Some say it could lead to the biggest public health disaster in the state's history, while others say it will help fight diseases that do not yet have a cure.

The Umstead Research Farm area is one site among five where Congress is considering placing the National Bio and Agro-Defense Facility. Scientists would study diseases like nipah and hendra.

Dr. Joseph Melamed, with Wake Radiology, said the stakes are too high to place a scientific facility dealing with potent viruses in such an populated area. Thirty-three other doctors have signed a petition against the biodefense lab that Melamed started circulating two weeks ago.

"If any of these diseases were to escape this facility, it could lead to a devastating public health disaster," Melamed said.

"These facilities do not belong in high population areas," he added. "They certainly don't belong in a watershed for a 50-mile radius with a population of 2 million people."

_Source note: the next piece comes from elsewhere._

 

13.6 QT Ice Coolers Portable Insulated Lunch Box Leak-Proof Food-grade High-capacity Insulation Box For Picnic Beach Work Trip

The biodefense lab would be more like the Centers for Disease Control in Atlanta, where scientists study potentially deadly diseases in a secure setting, than a high risk to spread disease, Dr. Barrett Slenning, a veterinarian at North Carolina State University, argued.

The lab would be run through the U.S. Department of Homeland Security.

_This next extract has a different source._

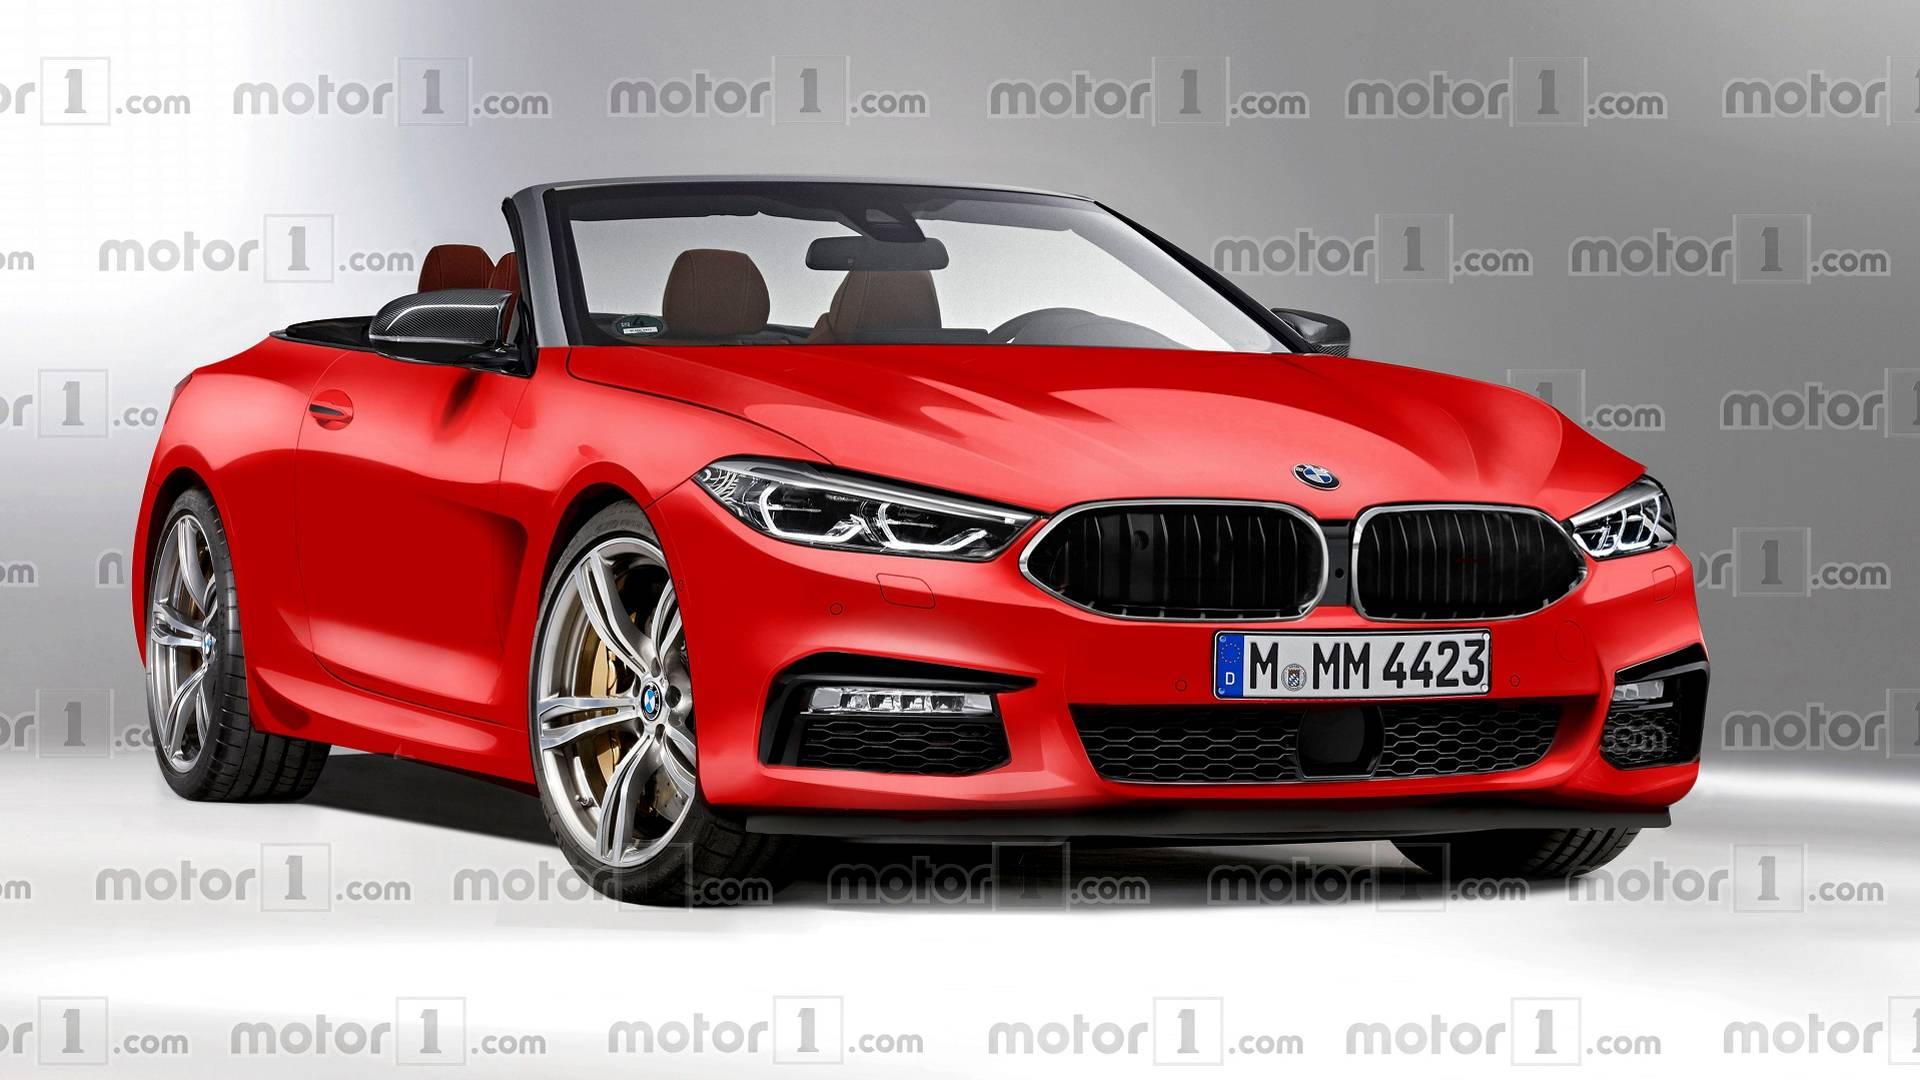 Rendering Reveals What A BMW Series Convertible Could Look Like

Although the lab would be near the watershed for Falls Lake, Raleigh's primary water source, Slenning said there would be no danger of diseases getting out of the facility.

"These facilities are designed knowing that people will make mistakes," Slenning said. "If they make a mistake, it gets caught by the first backup. If they make another mistake, it gets caught by the second backup."

Melamed contended that putting the facility handling Ebola and anthrax viruses in Butner would be plain reckless.

"If you contract any of these diseases, there's no need for you to go to the hospital, to Duke or UNC or any of the tertiary care medical centers," Melamed said. "There's nothing we can do for you."

Slenning argued that the possible benefits of the biodefense lab outweigh any hypothetical risks.

"Having the facilities, the diagnostics near us is what will make or break the difference if we ever get any kind of outbreak," Slenning said.

Congress was also considering sites in Texas, Kansas, Mississippi and Georgia and was not expected to make a decision until fall 2008.